_THE PROBLEM_.
Each line below should be retyped exactly, with no pictures.

_DATA SEGMENT_.
»»

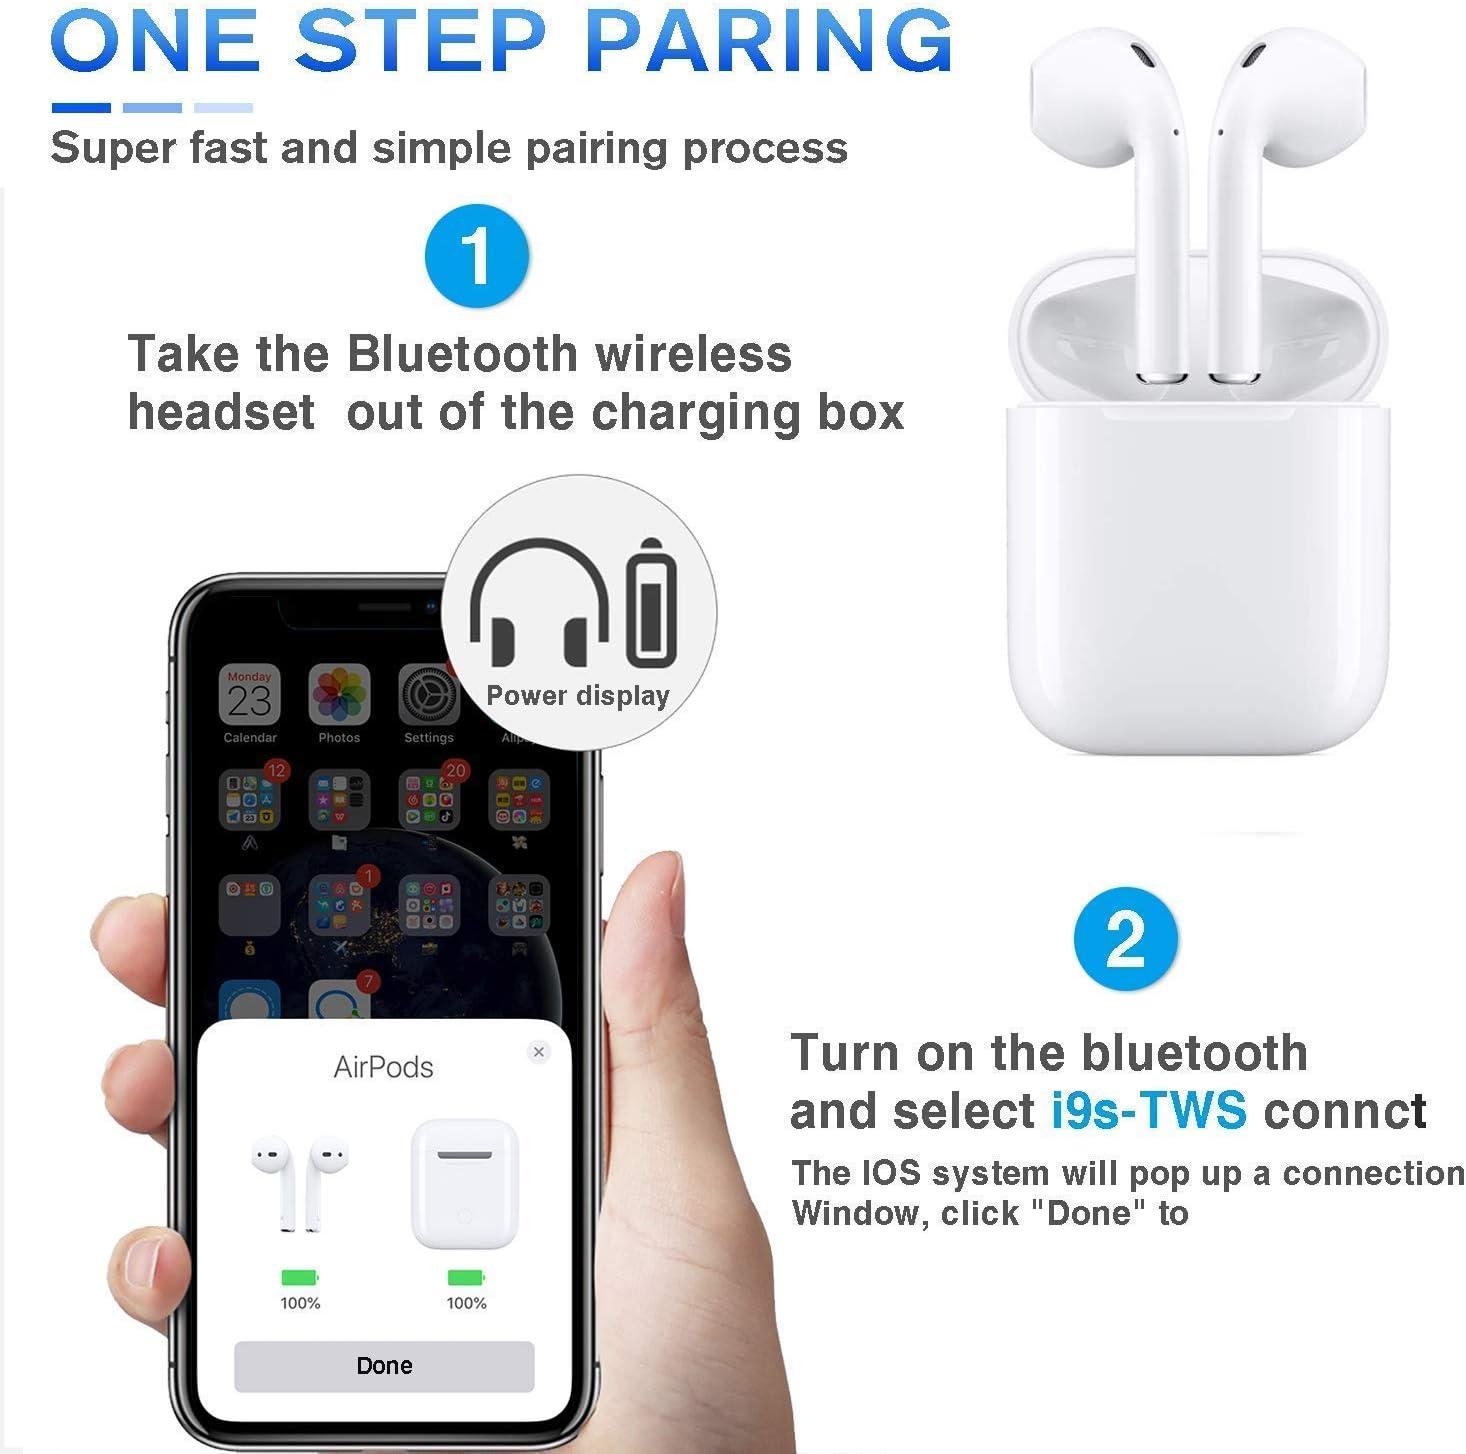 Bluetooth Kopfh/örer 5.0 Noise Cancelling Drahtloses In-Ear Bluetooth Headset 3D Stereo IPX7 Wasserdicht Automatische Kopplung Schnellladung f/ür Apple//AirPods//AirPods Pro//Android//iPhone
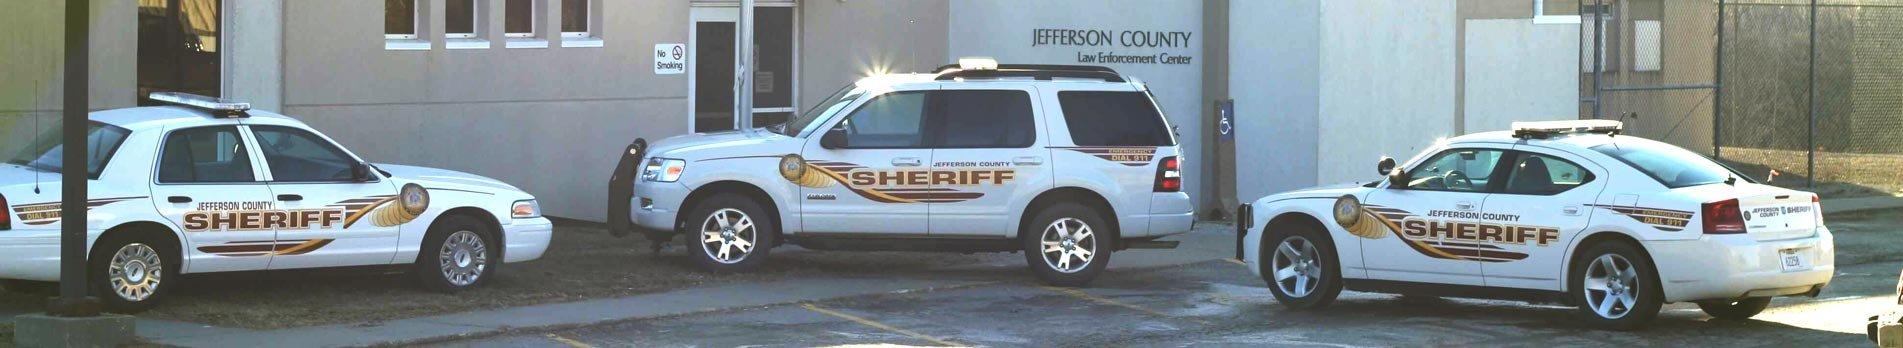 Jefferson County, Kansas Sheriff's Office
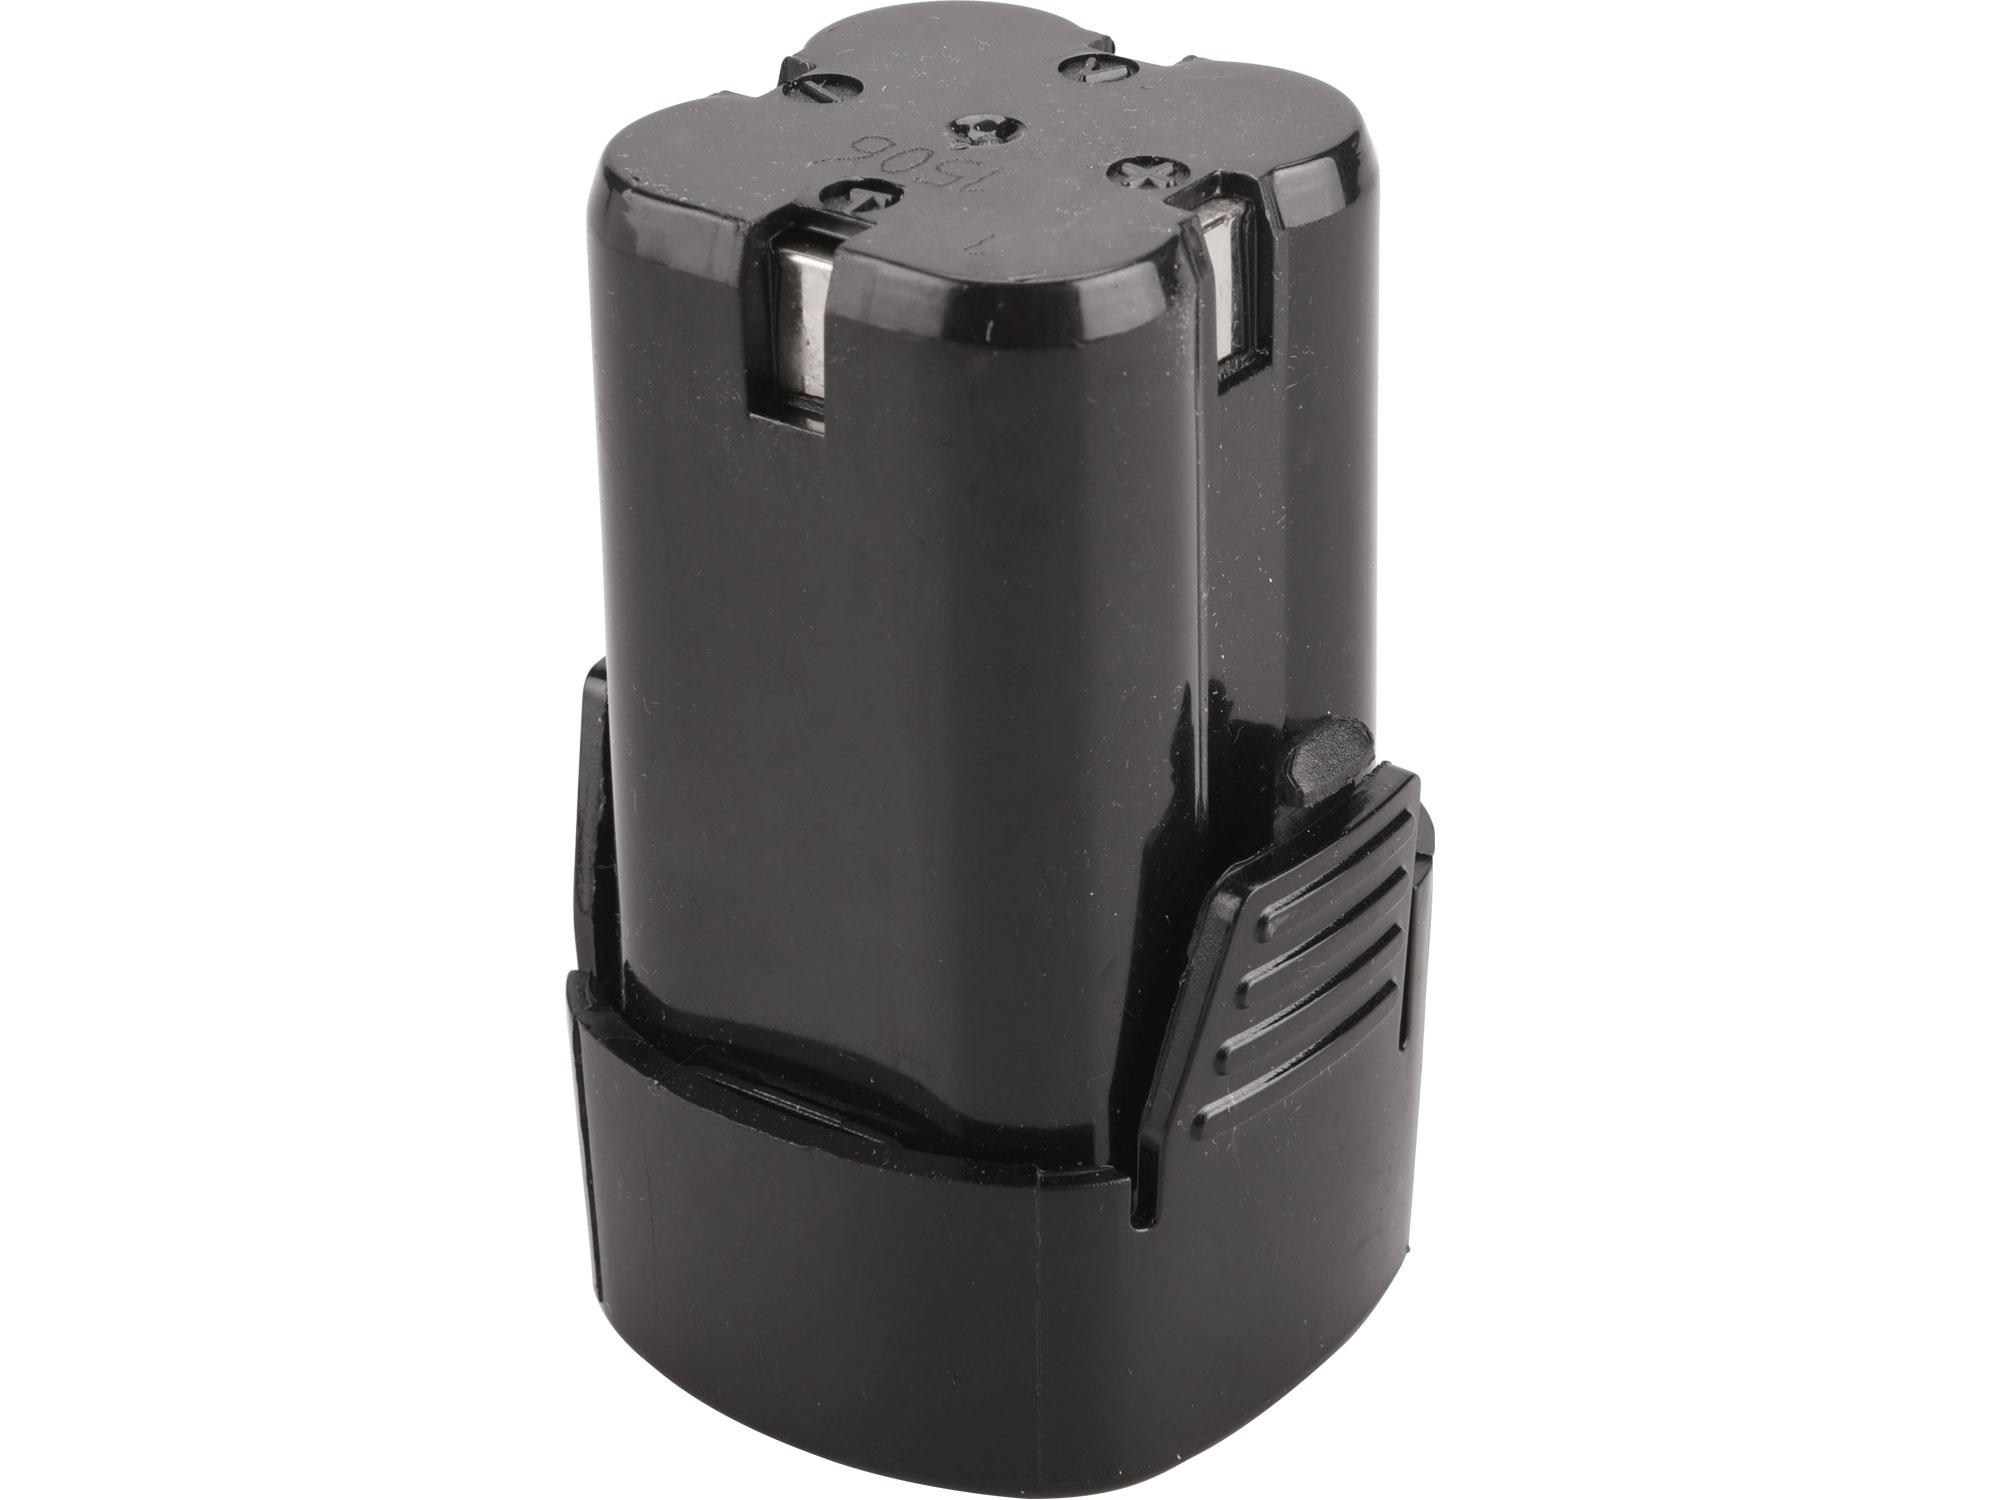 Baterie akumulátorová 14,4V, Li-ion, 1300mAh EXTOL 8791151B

««

_ANSWER TO THIS TASK_.
 Bluetooth Kopfh/örer 5.0 Noise Cancelling Drahtloses In-Ear Bluetooth Headset 3D Stereo IPX7 Wasserdicht Automatische Kopplung Schnellladung f/ür Apple//AirPods//AirPods Pro//Android//iPhone
 Jefferson County, Kansas Sheriff's Office
 Baterie akumulátorová 14,4V, Li-ion, 1300mAh EXTOL 8791151B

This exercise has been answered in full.